IMPORTANT NOTE: This document assumes that you have installed and configured Microsoft HPC properly and that the compute nodes can access the headnode. If Microsoft HPC is not configured properly contact Microsoft for support before you attempt to install FLUENT. You can also download the Getting Started Guide for Windows HPC Server 2008 at http://technet.microsoft.com/en-us/library/cc793950.aspx. This guide is also available with the installation files for Microsoft® HPC Pack 2008 (HPCGettingStarted.rtf, in the root folder).
A client machine is any machine on the network that is not part of the cluster but can access the cluster through the network.
FLUENT using Hoops graphic libraries from TechSoft 3D and TechSoft3D does not support Remote Desktop Connection for remote viewing. Many times launching FLUENT using Remote Desktop Connection will not result in display issues if the HPC cluster headnode has a PCI Express x16 Graphics card installed with the latest graphics driver and if the client machines are using the latest Remote Desktop Client (version 6).
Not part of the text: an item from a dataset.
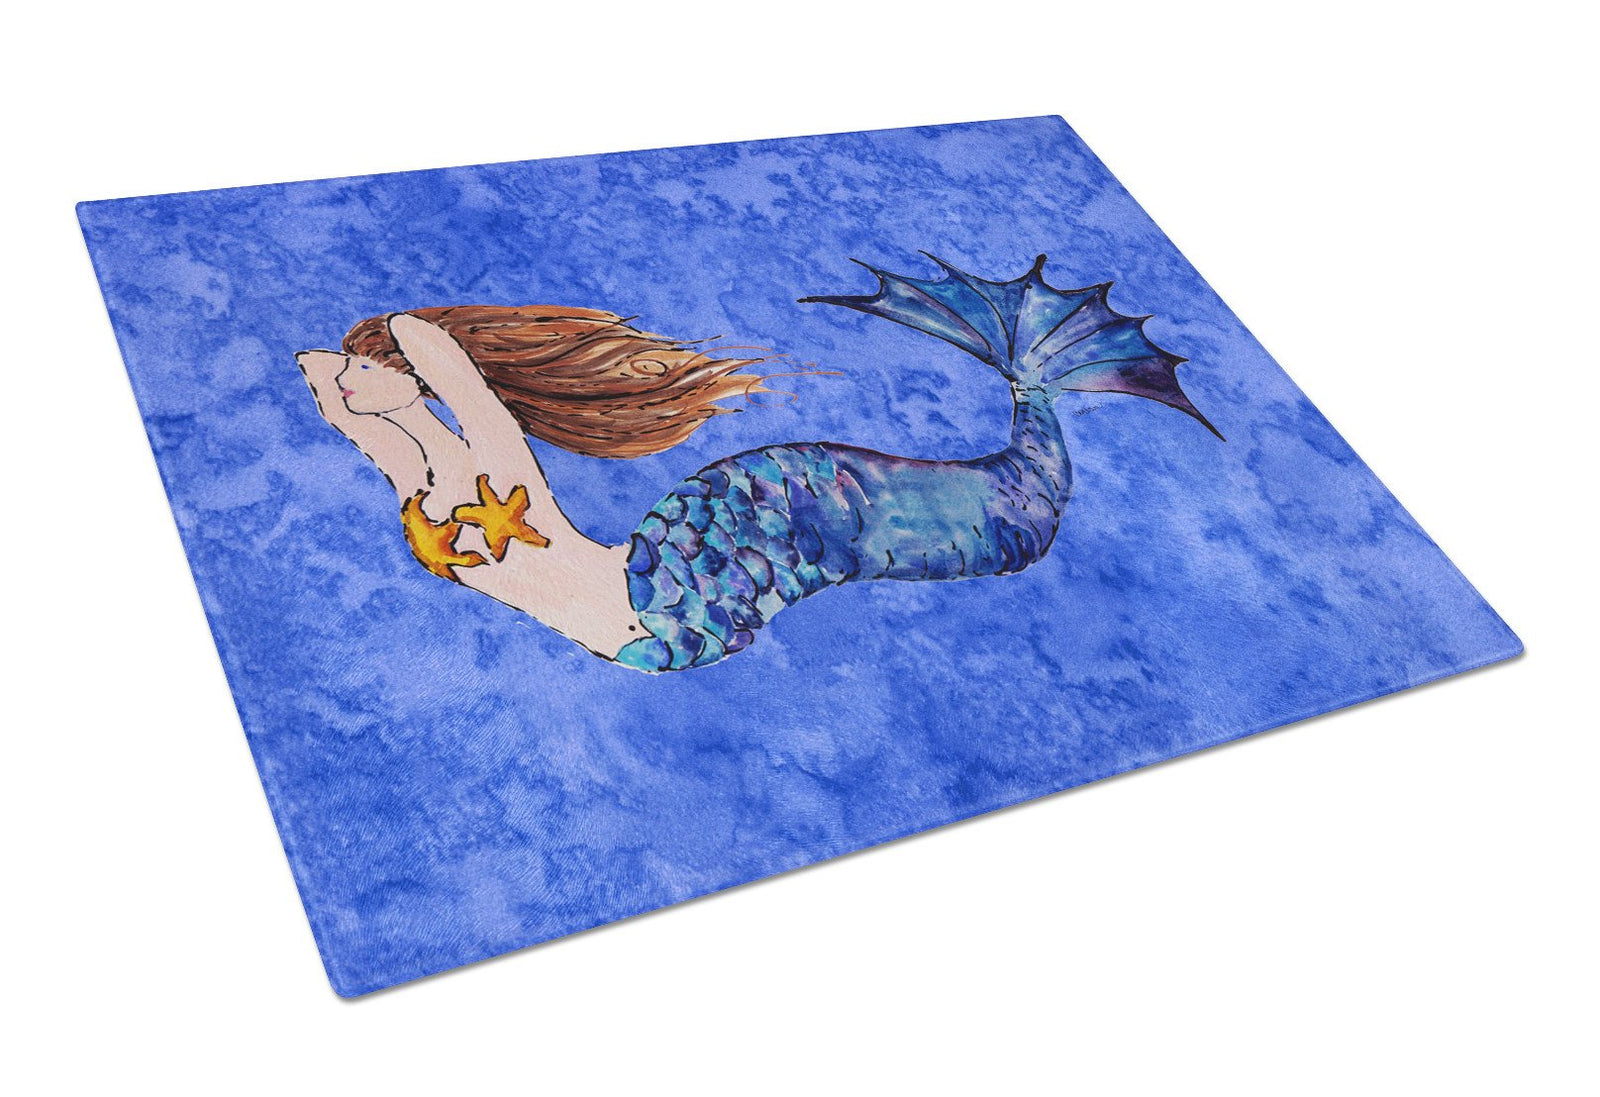 Brunette Mermaid on Blue Glass Cutting Board Large 8725LCB by Caroline's Treasures

If the above conditions cannot be met then you must launch FLUENT from a 64-bit client machine after installing Microsoft HPC Pack.
An alternative for sites that have not made 64-bit desktop workstations a standard is to purchase one such machine as a front end machine with Microsoft 2008 HPC Server installed. Users can then RDP insto this machine and launch FLUENT.
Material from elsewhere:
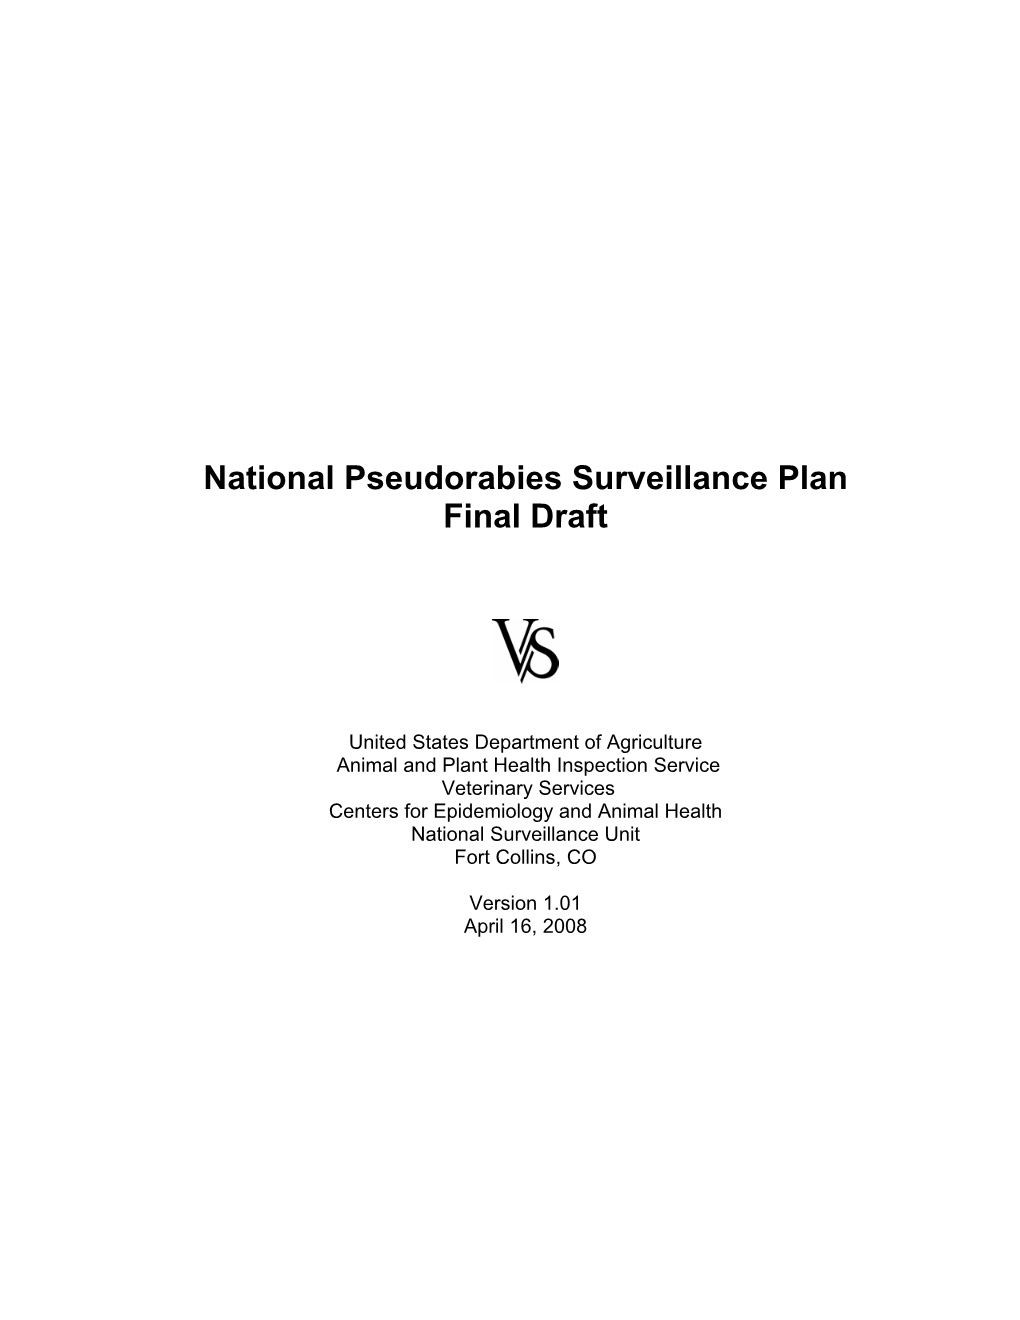 Pseudorabies Surveillance Plan Final Draft

NOTE: This should work but ONLY if the machine you are running Remote Desktop Connection to has a high-end, certified graphics card with a certified driver.
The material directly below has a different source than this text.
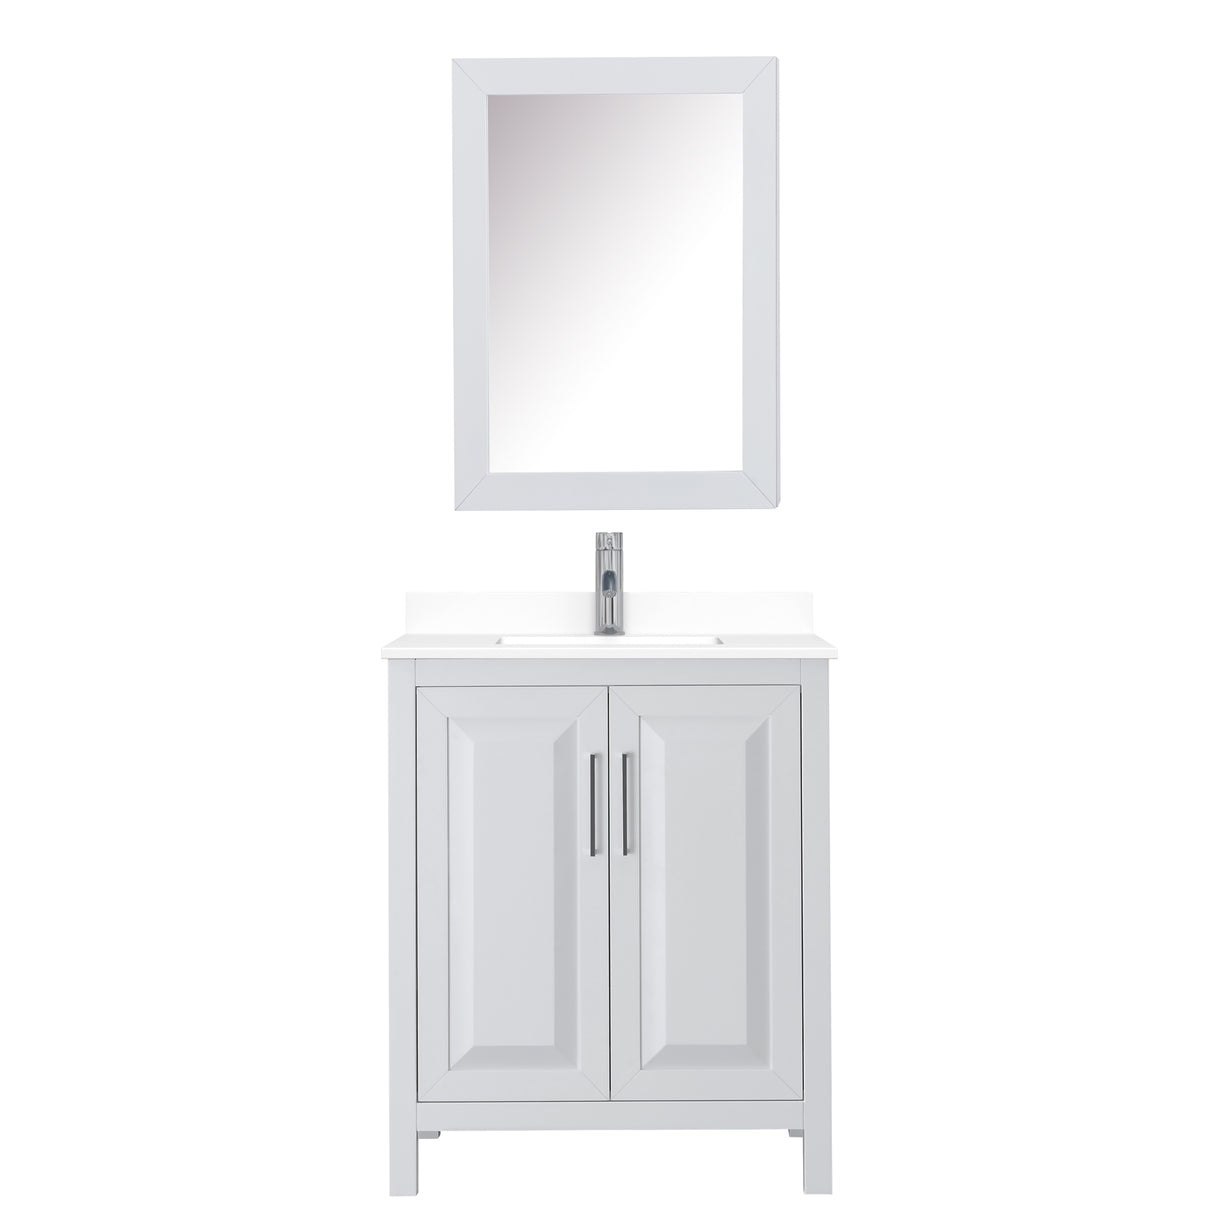 Daria 30 Inch Single Bathroom Vanity in White White Cultured Marble Countertop Undermount Square Sink Medicine Cabinet

If you are running via Remote Desktop Connection the default driver that FLUENT will use is the Microsoft Windows driver.
If you do run into graphics issues check which driver FLUENT is using.
fluent --fluent_options "-driver opengl"
NOTE: Compiling and Loading UDFs requires that you have a supported Microsoft Compiler installed. For more information about supported compilers visit this FAQ for more information. http://www.fluentusers.com/support/installation/winfaq/udf_par.htm
Though the usage described previously is recommended as an initial starting point for running FLUENT with the Microsoft Job Scheduler, there are further options provided to meet your specific needs. FLUENT allows you to do any of the following with the Microsoft Job Scheduler.
You can submit FLUENT jobs using the Microsoft Job Scheduler by using the -ccp flag in the FLUENT startup command.
Open up a command prompt and CD to the directory where your case and data file is located and type:
fluent 3d -ccp headnode –tnprocs
You can request resources but delay the launching of FLUENT until the actual resources are allocated.
This method must be used if you have 32-bit client machines and want to run the 64-bit version of FLUENT on a 64-bit Windows cluster. You will need to have a journal file in order to run in batch mode. To learn more about journal files see the section called “Journal Files”.
Share your working directory and make sure that you all nodes have “Full Control” permissions.
Open up a command prompt and browse to your working directory and type:
job submit /scheduler:head-node-name /numprocessors:4 /workdir:\\Working \\headnode\fluent\ntbin\win64\fluent.exe 3d -t4 -i journal_file.jou
Where headnode is the computer name of the headnode and numprocessors is the number of processors you want to allocate. (In the above example you have asked for 4 processors to be allocated).
Where 3d is the version of FLUENT you wish to use. You can choose 2d, 3d, 2ddp, or 3ddp, dp meaning double precision.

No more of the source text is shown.